As Catholic philosophers and fellow disciples of St. Thomas Aquinas, I would guess that Ed Feser and I are on the same page about many things. Even in his recent take on Catholic teaching on immigration, there is one point on which we are wholly in agreement: namely, that in evaluating policy decisions about immigration and immigration enforcement, we must consider “the entirety of Church teaching” on the subject.
Taken in its entirety, however, the Church’s teaching does not weigh, as Feser suggests, in favor of the Trump administration’s “restrictive immigration policy.” That claim is made to seem plausible only because Feser presents critics of the administration’s policies as consisting exclusively of “advocates of virtually open borders.” In reality, the very Church documents that Feser cites illustrate how it is possible both to criticize specific immoral forms of regulation and enforcement and defend moral forms of regulation and enforcement. Indeed, the whole point of Church teaching on immigration is to enable Catholics to assess whether specific policies are moral or immoral.
Feser’s essay does not properly reflect how this assessment works, however, because it misunderstands the role of prudence in applying moral principles.

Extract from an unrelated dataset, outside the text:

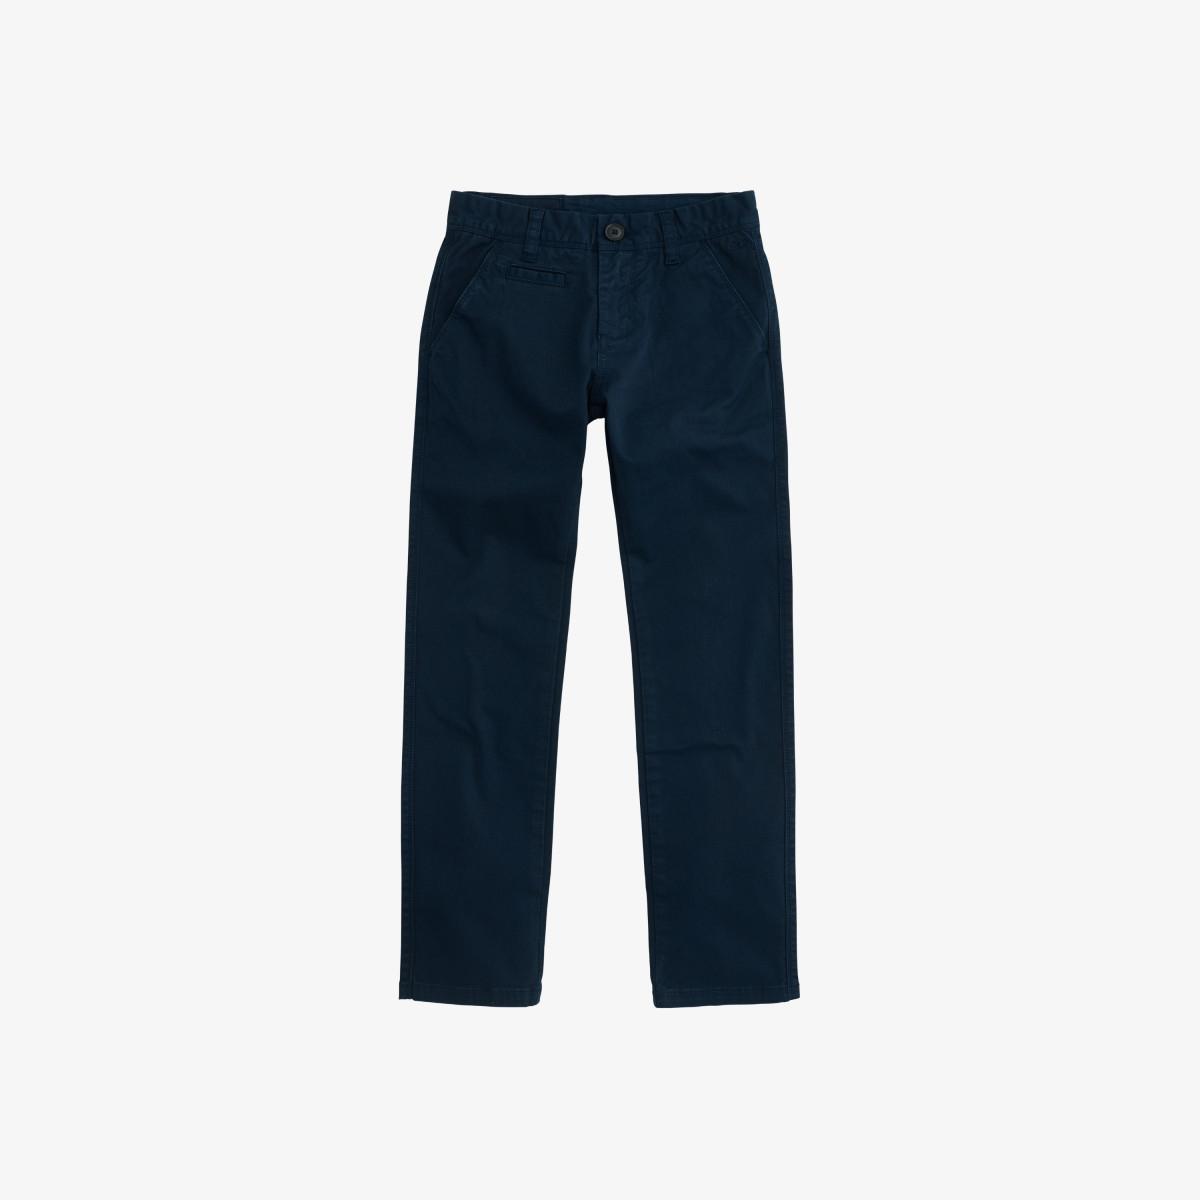 BOY'S PANT CHINO SLIM NAVY BLUE

Feser’s Relativistic Portrayal of Prudence
There is a puzzling disconnect between the beginning and end of Feser’s essay. Titled “A Catholic Defense of Enforcing Immigration Laws,” it opens by taking the position that “the administration’s restrictive immigration policy” is “on much stronger ground” vis-à-vis Catholic social teaching than the alternative that he presents as “virtually open borders.” He then identifies relevant principles from Church documents for the administration’s defenders to embrace: First, that the government ought to regulate immigration; second, that in doing so, it should consider immigrants’ potential impact on the well-being of its citizens, including with respect to employment, overall development, and cultural heritage.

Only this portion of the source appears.